Convergent regenerative engineering approaches have been undertaken in an attempt to create bladder tissue that can reliably mimic the normal traits of native tissue in structure and physiological function14,15,16,17. The ultimate goal of these undertakings is the directed translational application for failing human bladder tissue in multiple clinical settings. Research endeavors such as these have led to two independent but similarly structured clinical trials18,19. Data from these trials yielded invaluable clinical information but ultimately, and rightfully so, demonstrated a critical need to improve approach and implementation of grafted cell/scaffold composites with an emphasis on scaffold material and cell sourcing. To date, the use of synthetic polymerics combined with autologous bladder SMCs and urothelial cells (UC) has not been able to reliably and convincingly demonstrate the regeneration of physiologically relevant bladder tissue in the clinical setting.
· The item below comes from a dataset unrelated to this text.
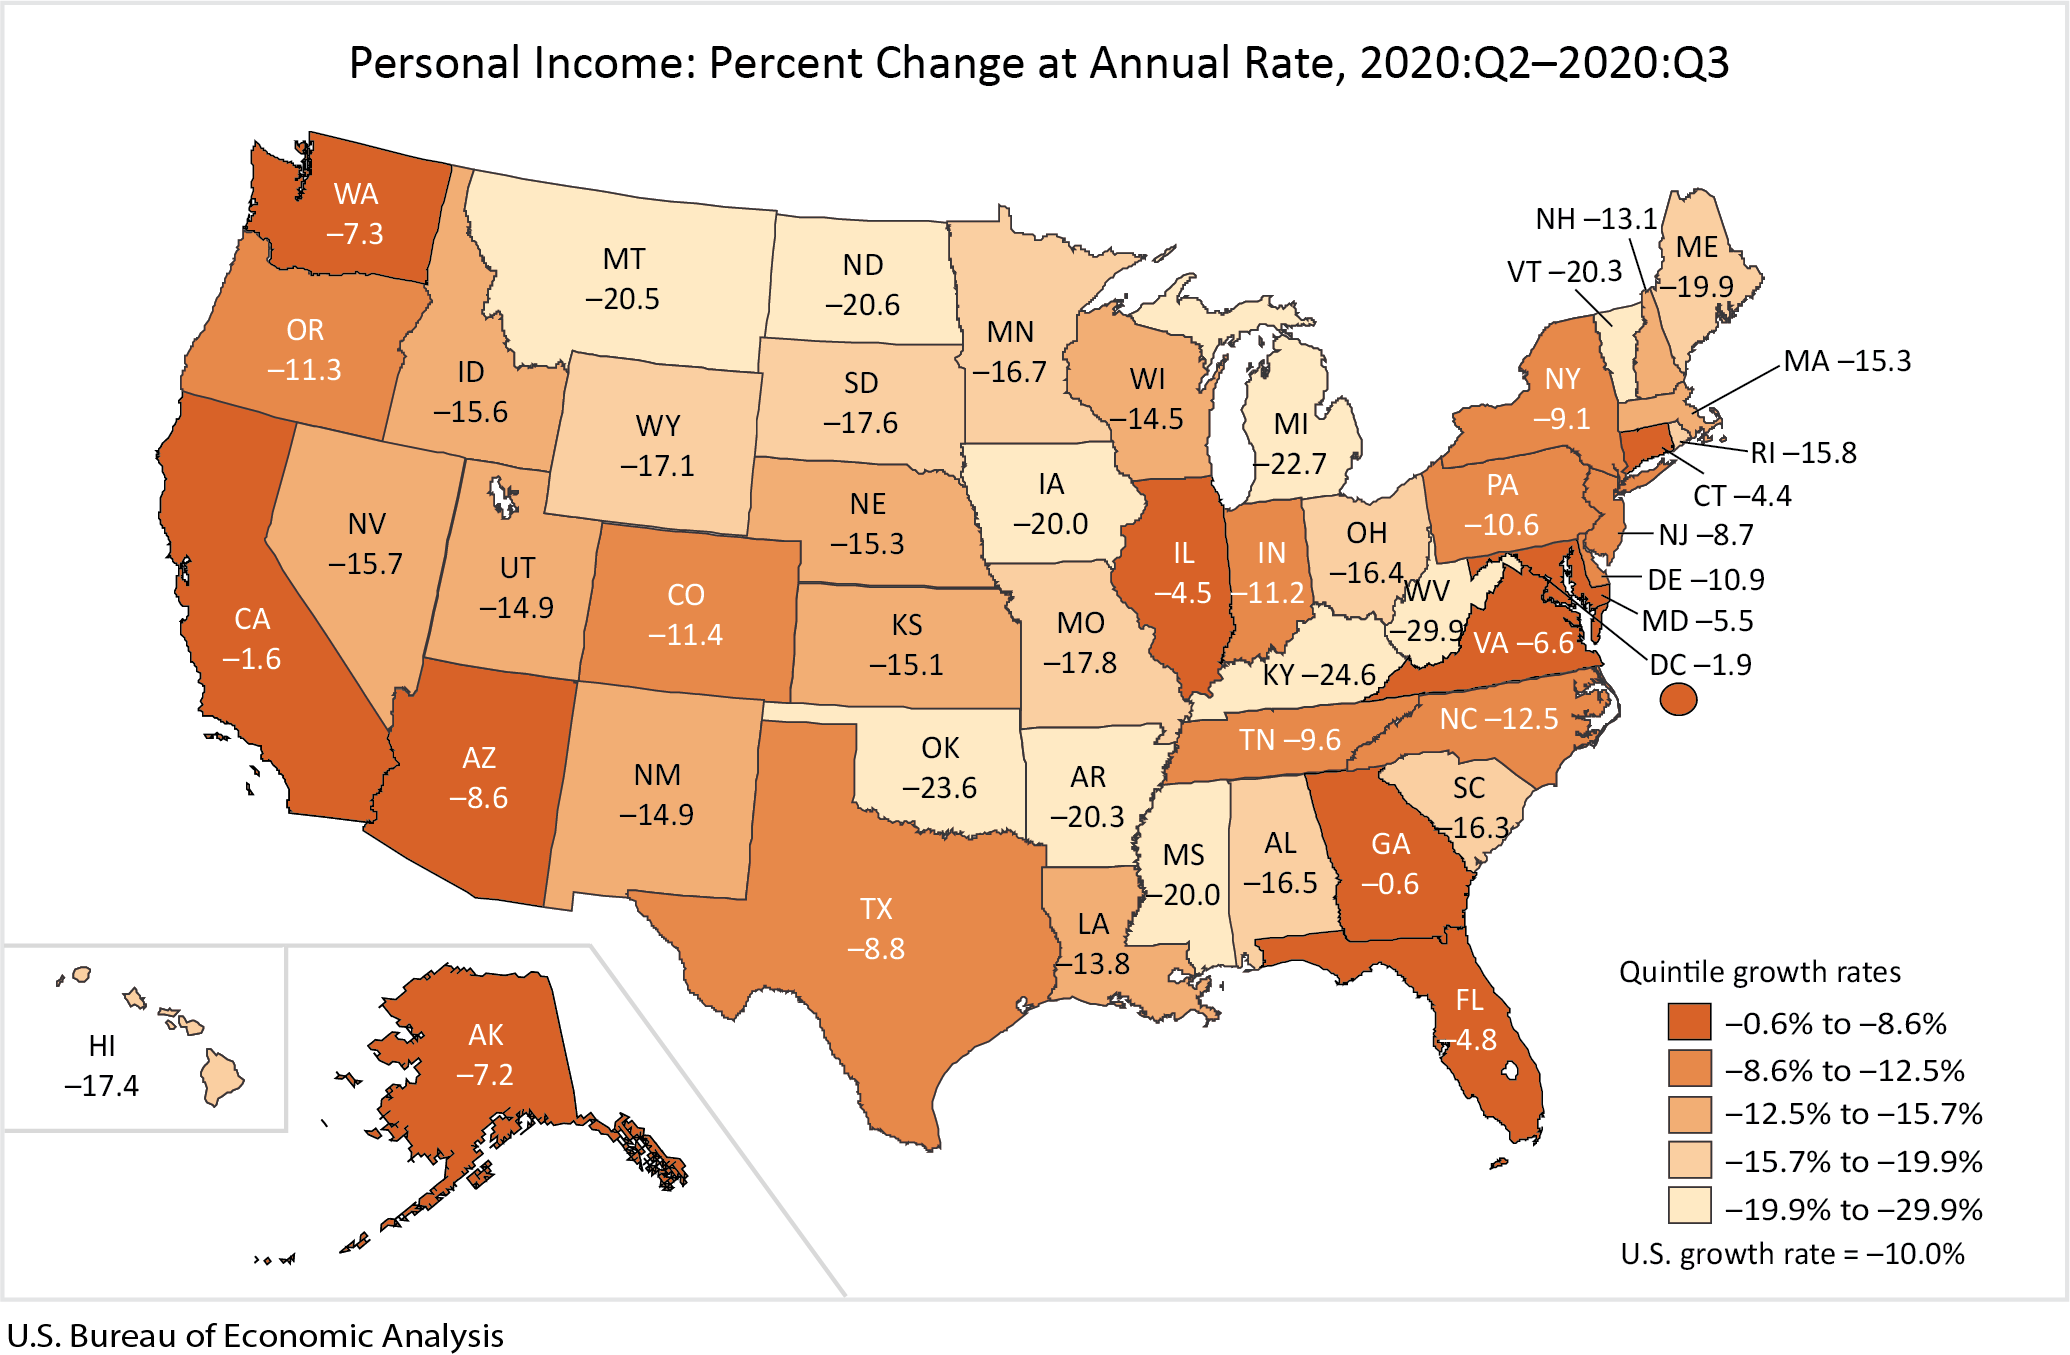 Personal Income: Percent Change at Annual Rate, 2020:Q2-2020-Q3

This is especially pertinent with regards to whole bladder tissue vascularization and functional bladder smooth muscle regeneration. As an example, a recent clinical trial that utilizes amniotic membrane is attempting to treat fistula formation that often develops following hypospadias repair and bladder neck transections20. Unfortunately there are several drawbacks when utilizing human amniotic membranes including obtaining amniotic tissue samples that are reproducible with regards to protein expression and mechanical characteristics, and a lack of standardization when dealing with tissue preparation21. Thus, scaffold choice must be carefully considered. Hence, there still exists a clinical need to explore and develop methodologies that can be utilized to overcome hurdles in current bladder tissue regenerative engineering efforts.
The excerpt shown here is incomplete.